» Required action
Skip the pictures and give back the rest of the listing exactly.

» Data shown
■ ■ ■ ■ ■ ■ ■

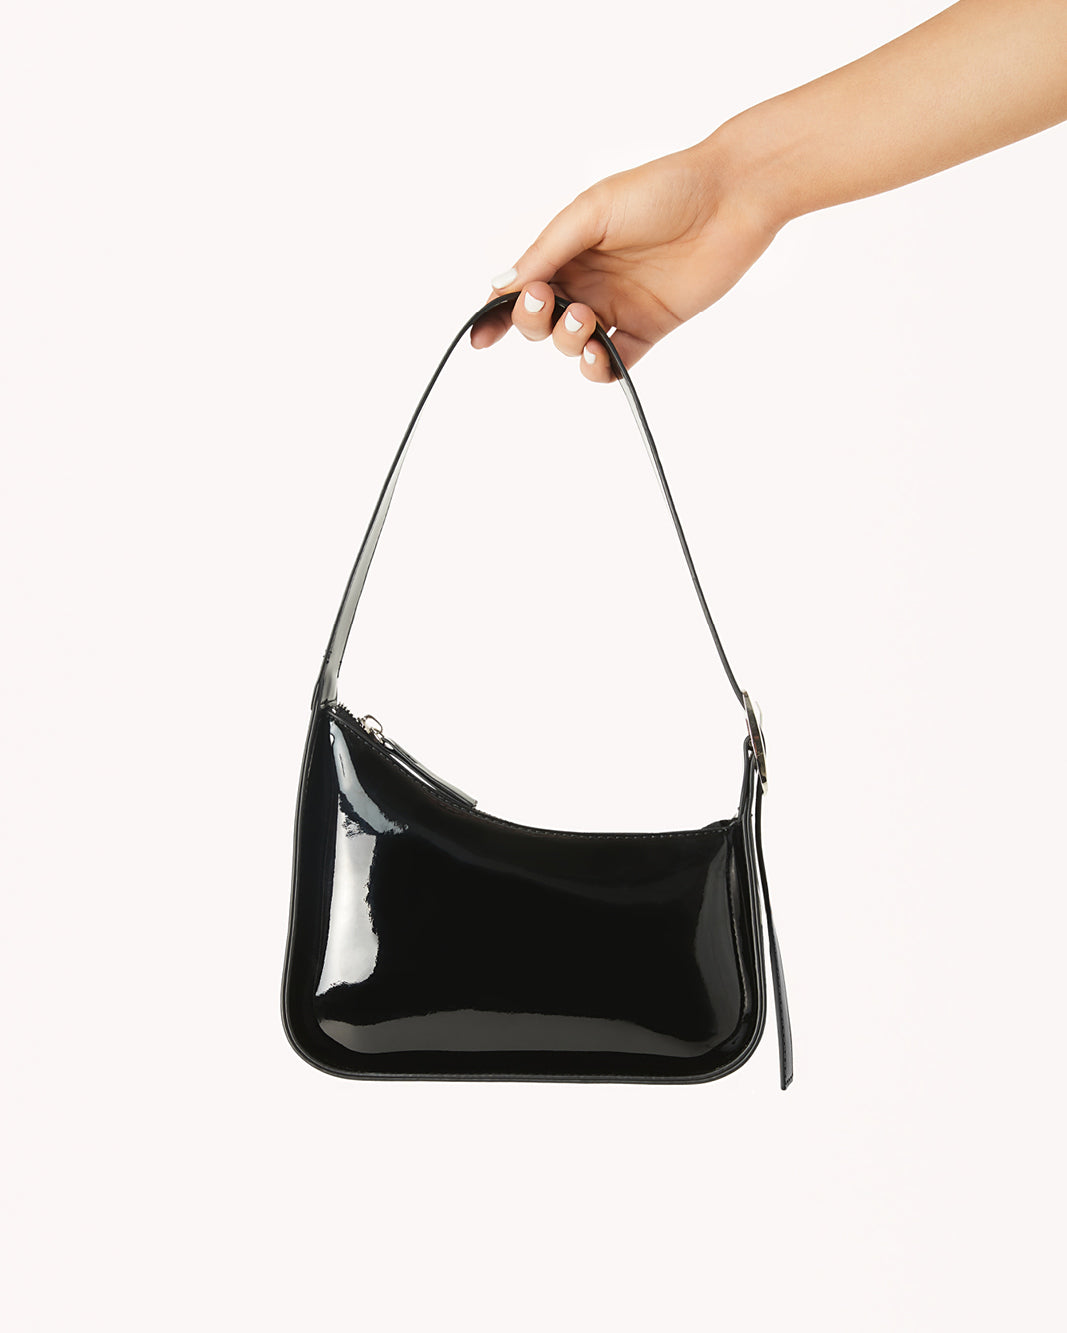 THE SHOULDER - BLACK PATENT-Handbags-Billini-O/S-Billini
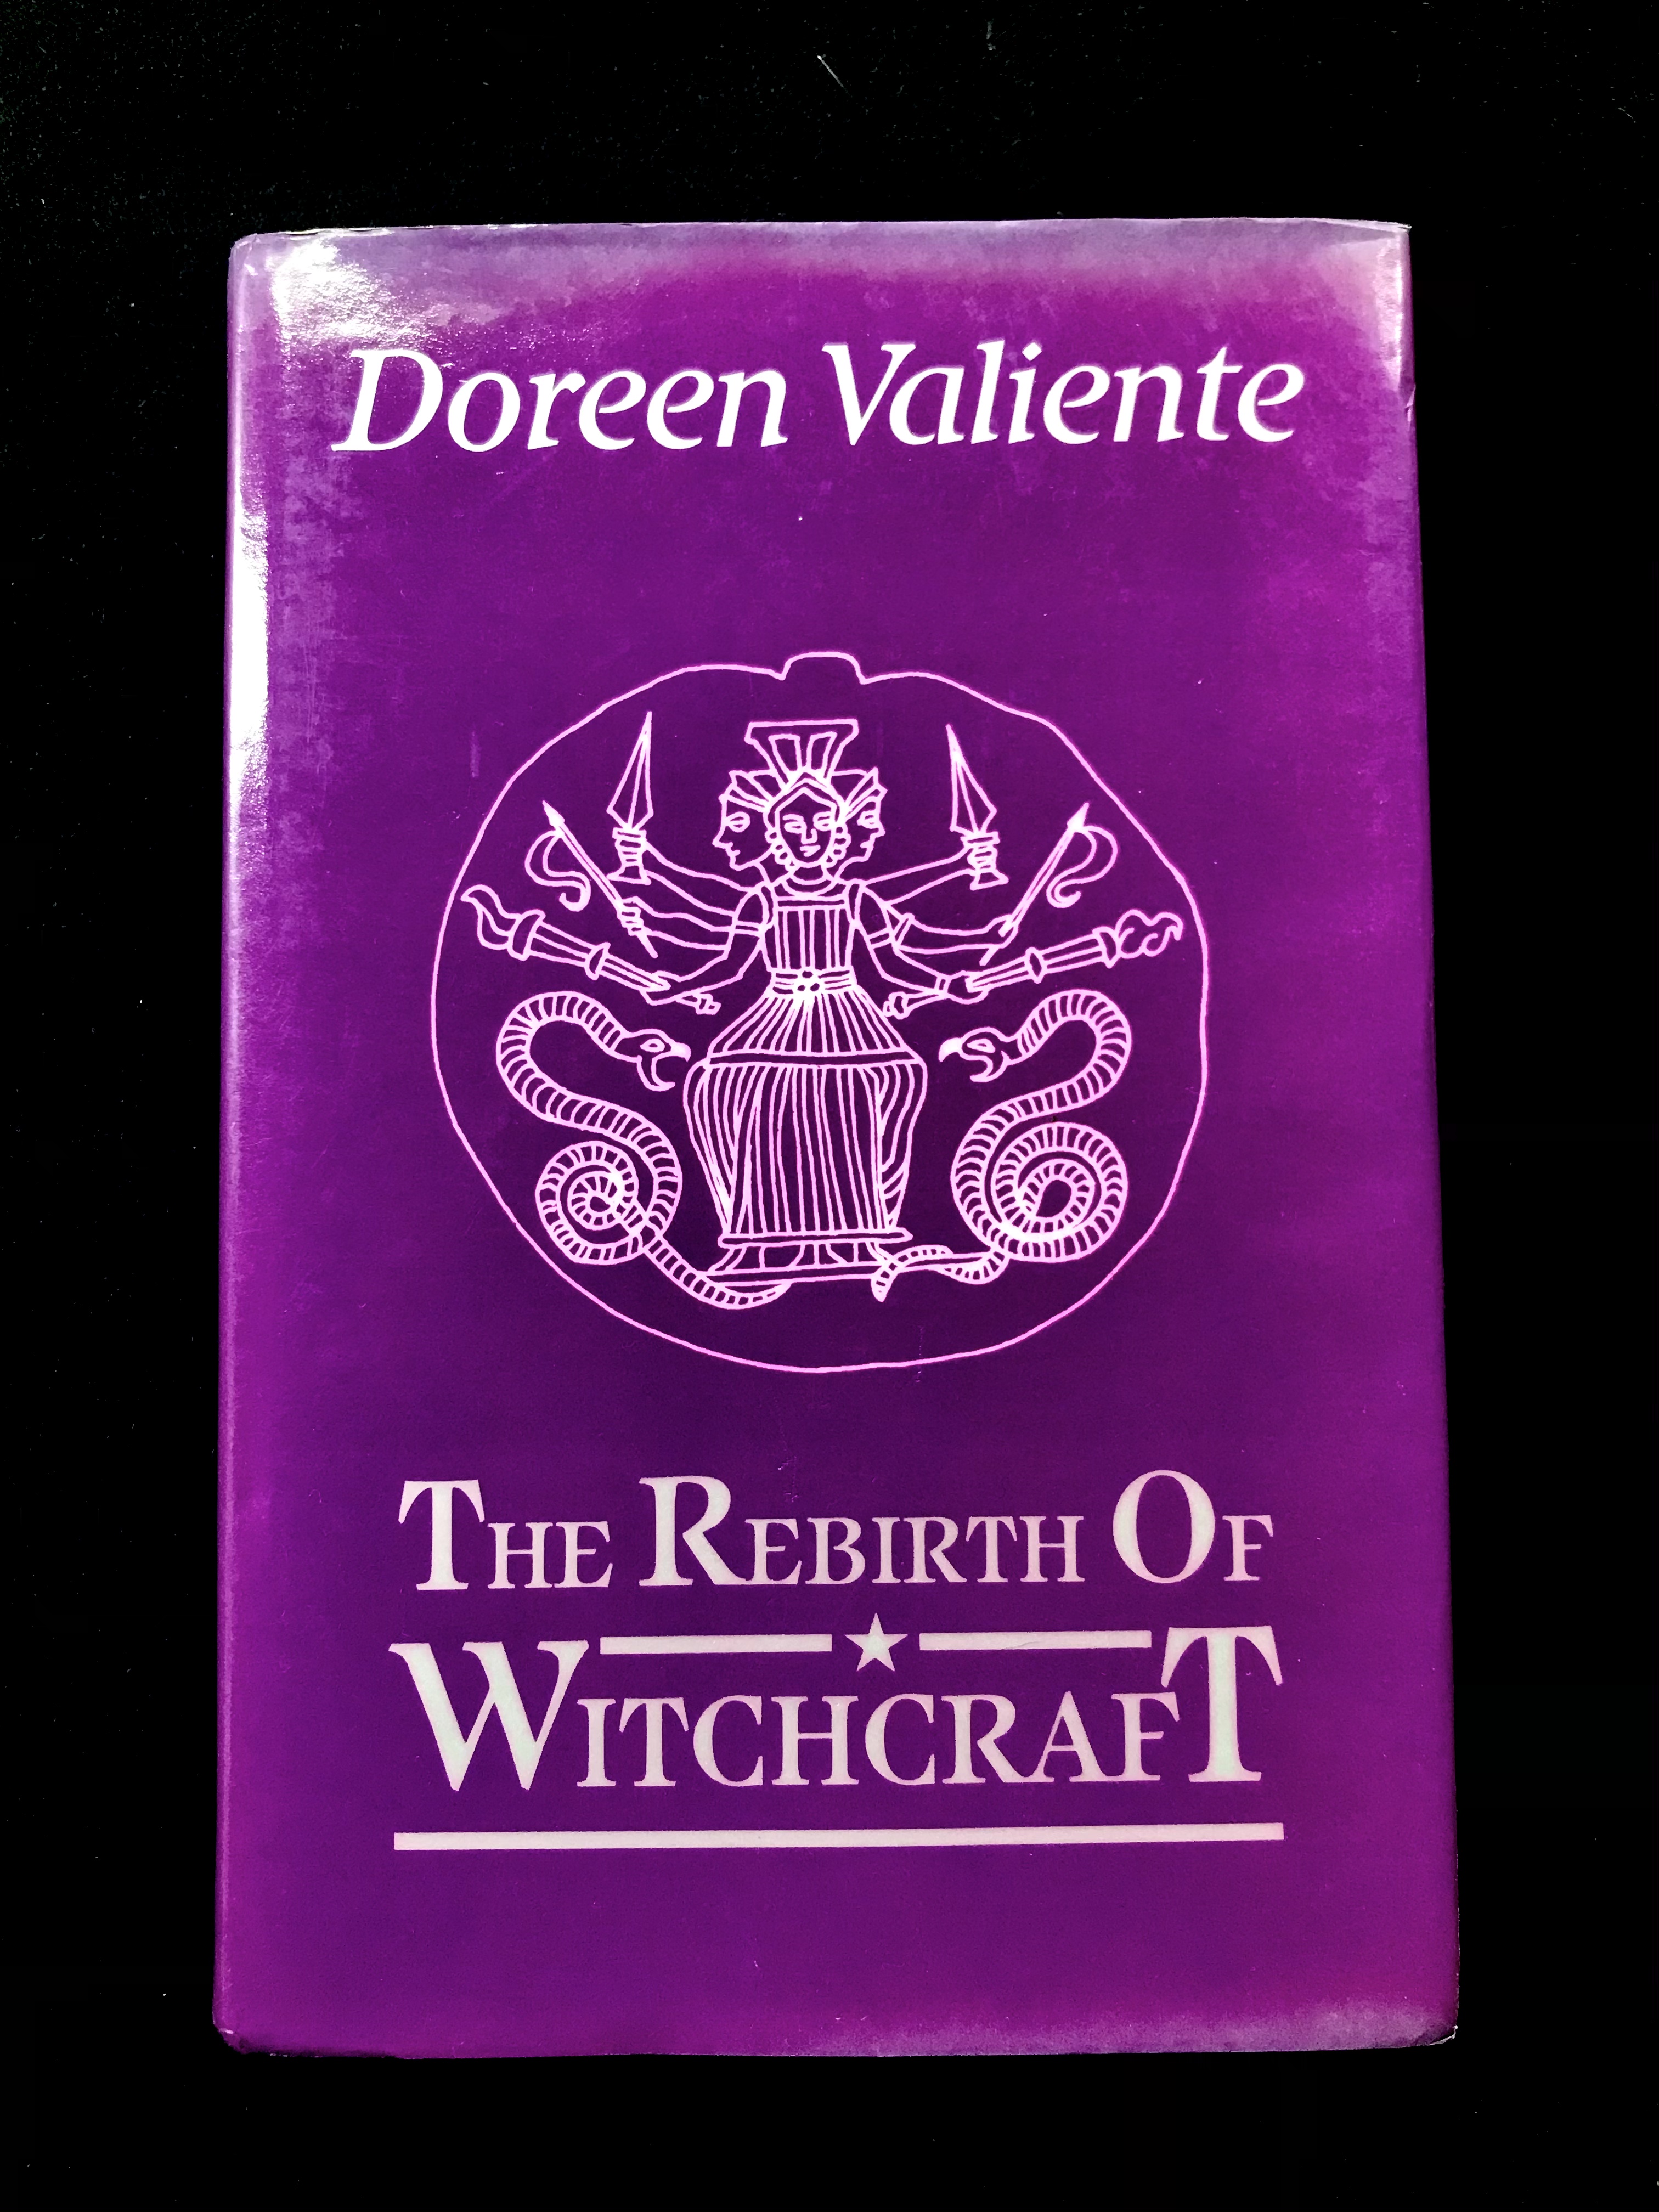 The Rebirth of Witchcraft by Doreen Valiente
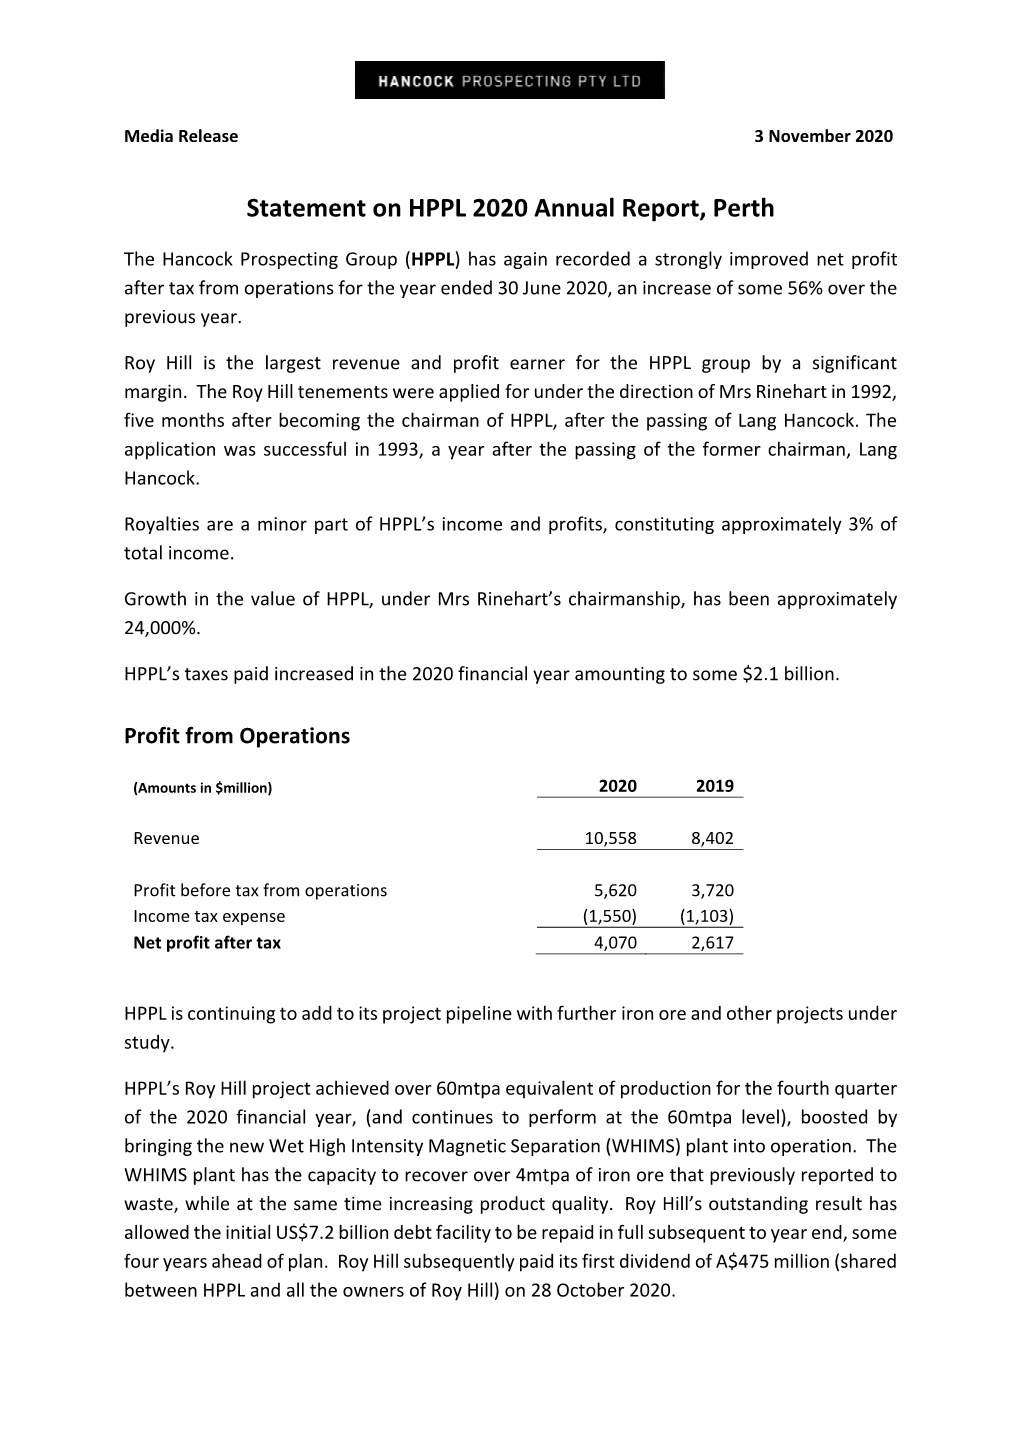 Statement on HPPL 2020 Annual Report, Perth

■ ■ ■ ■ ■ ■ ■

» Exercise result
 THE SHOULDER - BLACK PATENT-Handbags-Billini-O/S-Billini
 The Rebirth of Witchcraft by Doreen Valiente
 Statement on HPPL 2020 Annual Report, Perth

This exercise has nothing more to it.